I'm running a Salt Marsh 1444T with a Yamaha F25. It has the factory aluminum prop on it right now, but its picked up a few dings, and i've got a trip coming up and I want to swap the prop out.

I will be putting an aluminum prop back on it, but having never used a 4 blade prop, I was wondering what if any would be the advantages.

With the factory 10 pitch prop ( I think its a 10 pitch) I get great hole shot and top out around 25mph.. I'm pretty happy with how it handles as is, but just wondering if there would be any reason to opt for the 4 blade over just replacing with a 3 blade.

Thanks for the help in advance.

Mike


----------



## hferrell87 (Jan 28, 2013)

Captmadmike said:


> I'm running a Salt Marsh 1444T with a Yamaha F25. It has the factory aluminum prop on it right now, but its picked up a few dings, and i've got a trip coming up and I want to swap the prop out.
> 
> I will be putting an aluminum prop back on it, but having never used a 4 blade prop, I was wondering what if any would be the advantages.
> 
> ...


If you're happy with your hole shot, stay with the 3 blade.
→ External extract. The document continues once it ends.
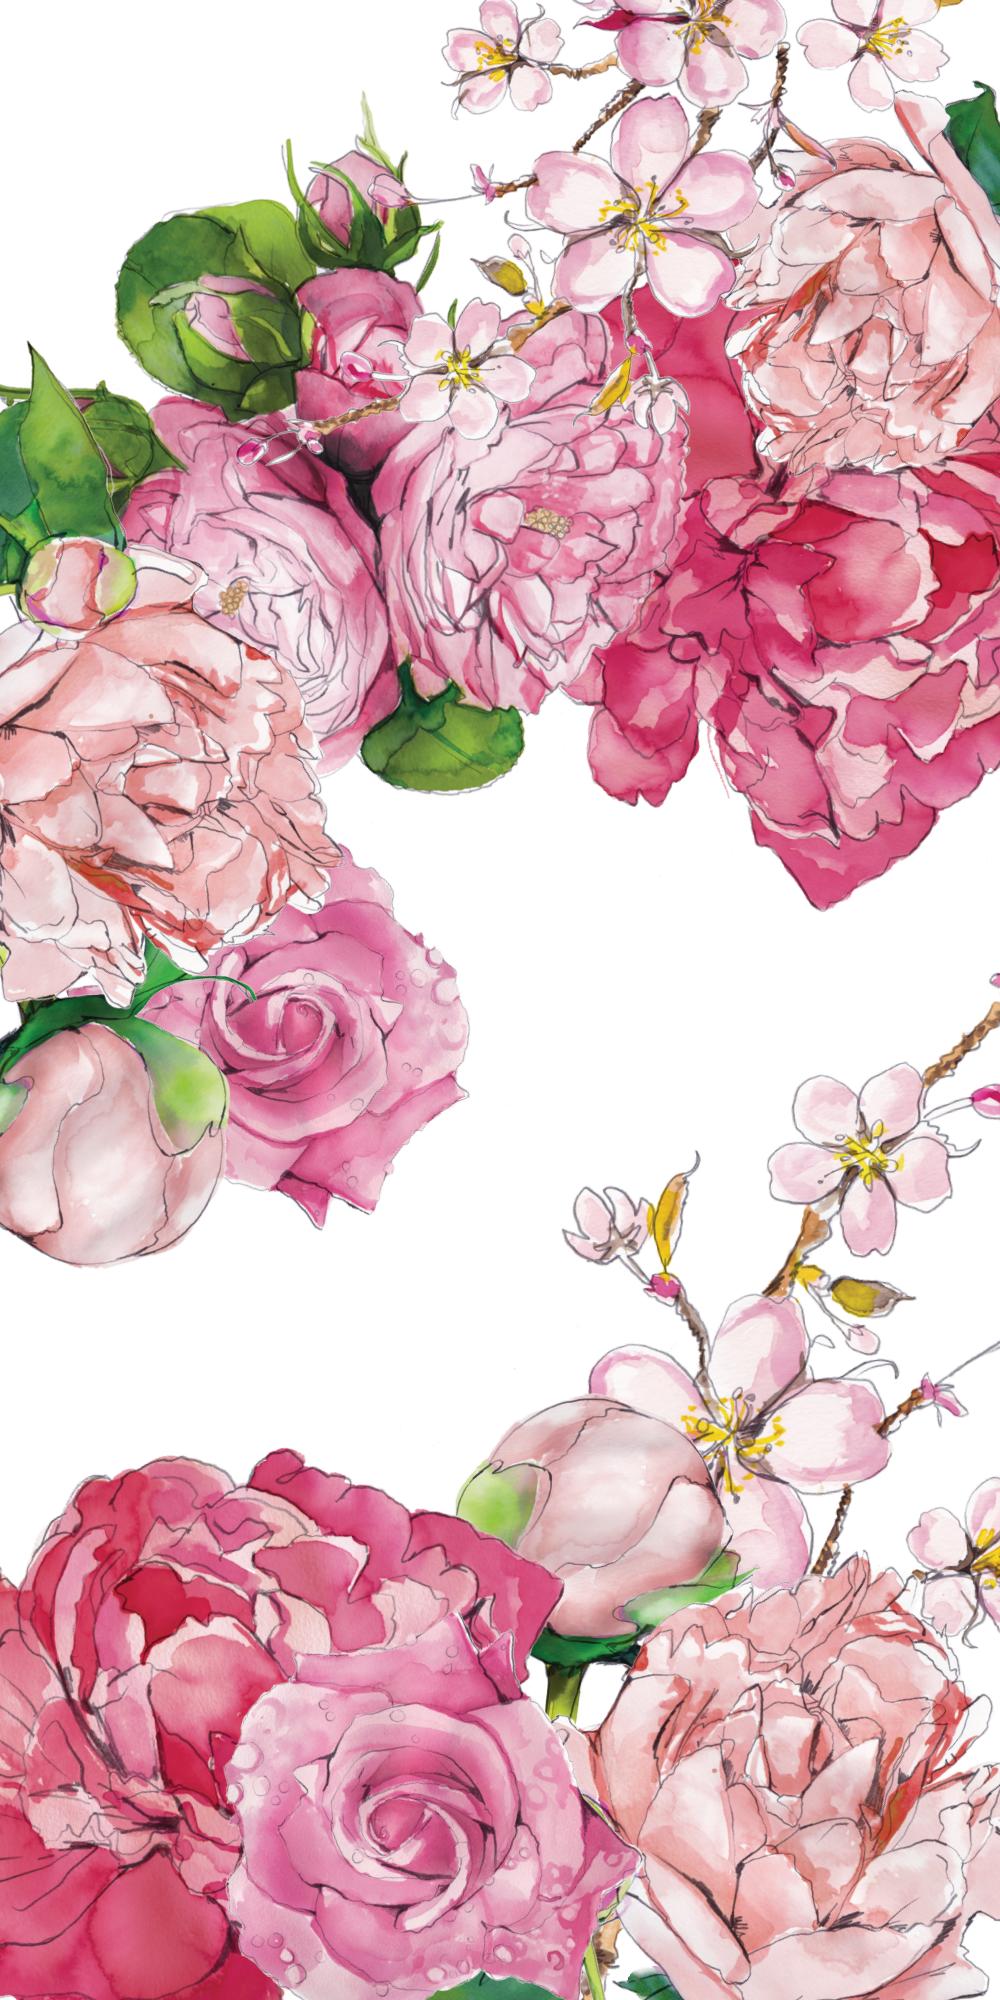 Pink Floral Casetify Iphone Art Design Illustration Flowers Flower Drawing Floral Wallpaper

A 4 blade would pop you onto plane quicker, but will loose top end speed...


----------



## hferrell87 (Jan 28, 2013)

If you want a little more performance, pick up a 3 blade stainless steel prop.


----------



## Captmadmike (Aug 6, 2015)

Thanks for the input... the more research I do the more i've realized that I should just stay with the 3 blade. My boat weights 400lbs hull and motor.. and its a tunnel hull with a 3" jack plate, so its not like hole shot is a problem, nor do I need to run any shallower.. I doubt the 4 blade is gonna offer me anything 

Thanks for all the help.


----------